Los principios democráticos se
expresan hoy como política de la inclusión. Esta exige de nosotros cuando menos ocho
compromisos. El primero, desterrar la corrupción de la política. El segundo, resolver
los conflictos de intereses dentro de los países, en democracia y por la vía del
diálogo y la negociación. El tercero, detener el armamentismo, especialmente el de alta
tecnología, propiciado por los países productores de armas, y proscribir la guerra como
forma de solución de disputas fronterizas. El cuarto procurar la seguridad y la paz para
todos. El quinto, darle prioridad a la infancia y a la juventud en la solución de los
problemas sociales: gobernar para los niños y los jóvenes es gobernar para el presente y
para el futuro. El sexto, eliminar la impunidad de las autoridades públicas y de todos
los poderes fácticos, y propiciar la capacidad de los ciudadanos para ejercer el debido
control del poder. El séptimo, impartir educación para todos a lo largo de toda
la vida, garantizando la igual calidad de la misma. El octavo, conservar el medio
ambiente, la biodiversidad y la calidad de la vida urbana.
Ante la encrucijada que vive la
humanidad a fines de siglo, América Latina y el Caribe pueden y deben elegir un nuevo
rumbo. Este es imprescindible para consolidar la paz, la democracia y el desarrollo.
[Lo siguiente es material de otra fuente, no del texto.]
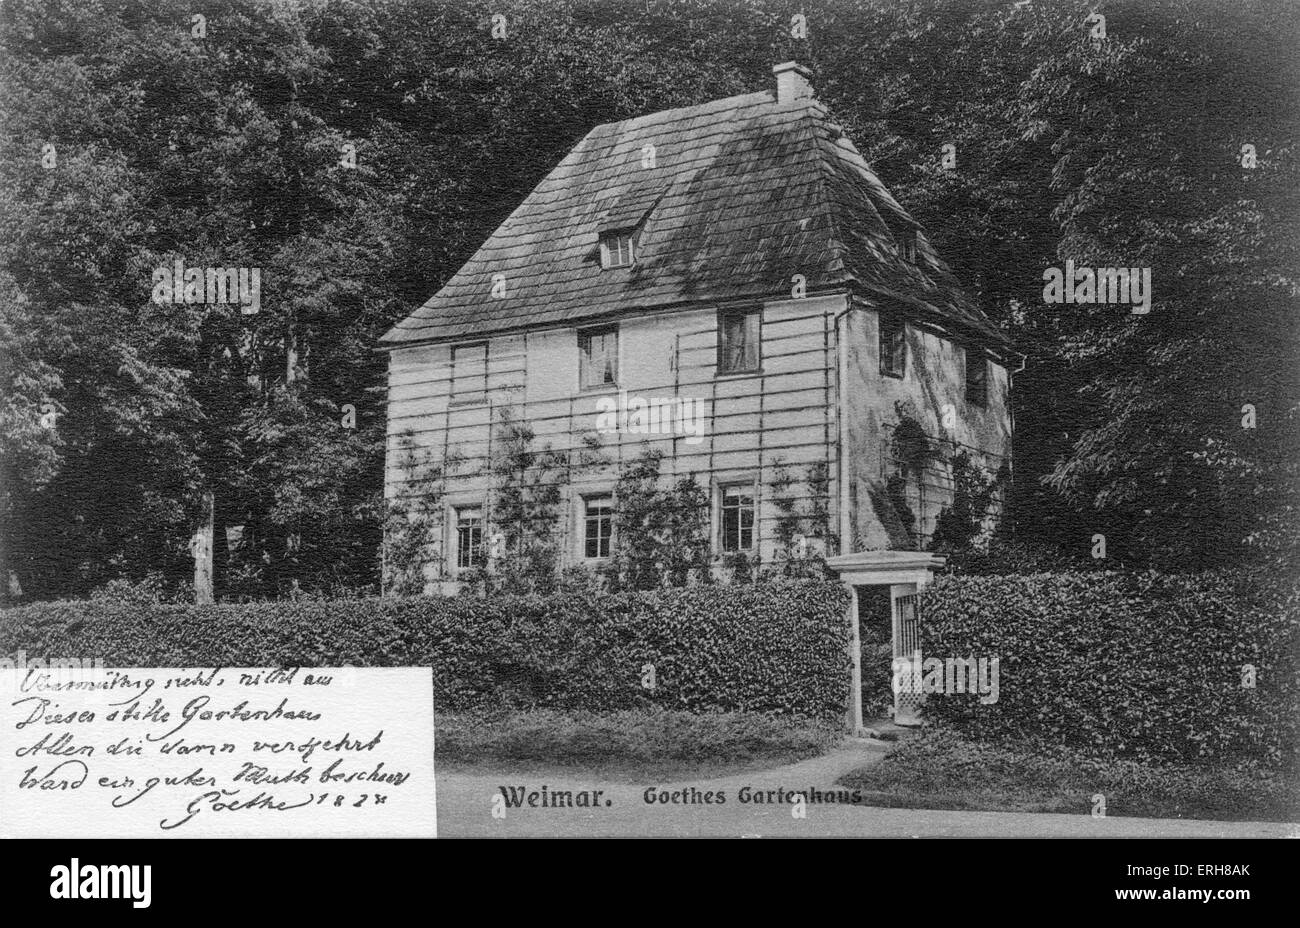 Goethes Gartenhaus, Weimar. Johann Wolfgang von Goethe, deutscher Schriftsteller und Philosoph: 28. August 1749 – 22. März 1832. Stockfoto

Estos
corren severo peligro si se mantienen modelos económicos sin justicia, igualdad y
solidaridad. La Cumbre Regional para el Desarrollo Político y los Principios
Democráticos hace un llamamiento a los dirigentes de nuestros países, a poner en
práctica estos ocho compromisos para el cambio de responsabilidad compartida. Gobernar la
globalización requiere líderes capaces de reflexividad, voluntad y compromiso ético.
Reflexividad para comprender una situación de complejidad creciente y construir sentidos
nuevos para la vida en común. Voluntad política para asumir el riesgo y la
responsabilidad moral de la decisión para le cambio. Compromiso ético para elevar la
calidad de la política, y ponerla al servicio de la gente.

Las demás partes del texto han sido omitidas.